Probably the most common mistake I find judges making is that they think the positioning of black and white dots should change based on the feedback they're trying to give. I explain that there is not meant to be any information encoded in the position of the feedback dots. Everyone should simply provide black dots first, then white dots, without giving away which of the codebreaker's dots are in the right places and which are not.

**Data Collection and Representation**

As in the previous class, when students played the game of "Greed", I distribute colored sticky notes to all students. For each pair of student partners, one color is for the first code-breaker and the other color is for the student who judged first, then played code-breaker second. I ask students to write the number of guesses it took for them to crack the code, and then to place these sticky notes on sheet of poster paper at the front of the room.

When everyone is done playing and all scoring stickies are posted, I again show everyone the first learning target (see slide #18) and ask how we can best organize this data. It's very interesting to compare this Mastermind data set to the Greed data set that we produced during the previous class. Please see the next section of this lesson my notes about comparing the two data sets.

**How to Make a Dot Plot**

When it comes time to choose a representation, dot plots make sense this time. And sticky notes do a good job of producing one, because all we have to do is draw a simple number line running from the minimum number of guesses to the greatest, counting by 1's. Then, we can "stack" repeated numbers on top of the number line, quickly producing our first dot plot.

Here is a key contrast between the Greed data and this Mastermind data: **the Greed data has a much wider spread than the Mastermind data, and few, if any, repeated values **(for more on this see my Choosing a Data Set reflection).
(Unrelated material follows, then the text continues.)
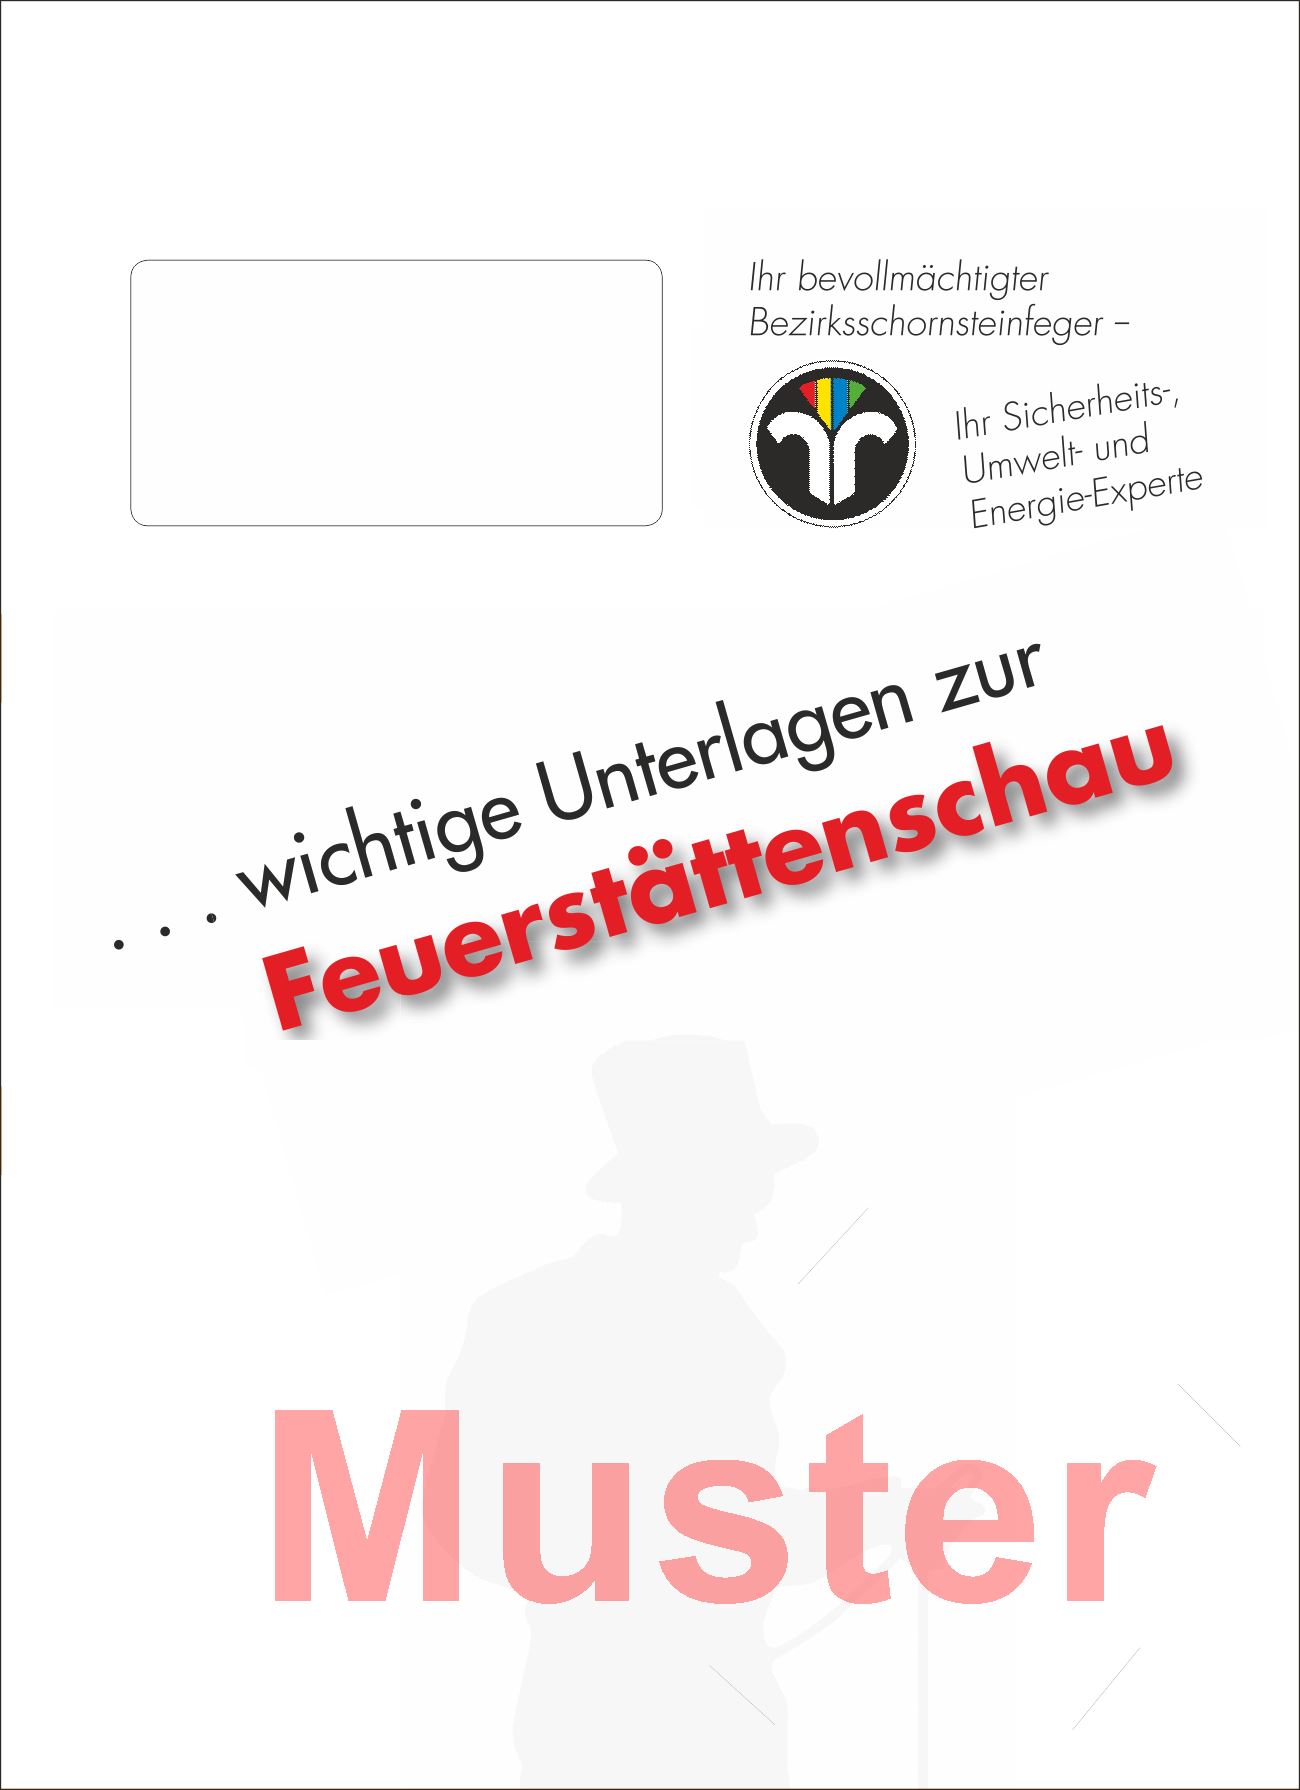 Schriftverkehrmappen / Kundenmappen "Feuerstättenschau"

The dot plot is a very simple idea, and it works for the Mastermind data, but another key takeaway for students is that the dot plot is limited in scope when compared to box plots and histograms.

5 minutes

One of two primary types of homework assigned in this class is the weekly Problem Set. Stats Problem Set 1 (from survey) is generated from data I collected on the First Day Survey that students completed at the end of our first class. On it, students are asked to create a box plot, a dot plot, and a histogram.

**Teacher's Note**: I include the survey data from my class in Stats Problem Set 1, but I recommend using real data from your class if you can: I find that this is a great to build investment from my students. It shows them that I take the time to actually use the results from the survey they took the time to complete, and it serves as an example of how successive experiences will build upon each other as we move through the class.

When I distribute the problem set, I remind students that they've already seen a box plot and a dot plot during the first two days of class, and I tell them that they'll have a chance to practice with histograms next time we meet.

8 minutes

Record Sheets are a place for students to write down some of their thoughts at the end of each lesson.

To end today's class, I show students how to start their first Record Sheet of the semester and complete the sentence on slide #21. Instructions for students are also on slide #21. Here is today's prompt:

**Today when we played Mastermind, I felt _____________ because...**

I make sure to introduce the idea that Record Sheets will serve as another primary source document to which students can refer when they write their papers for this project.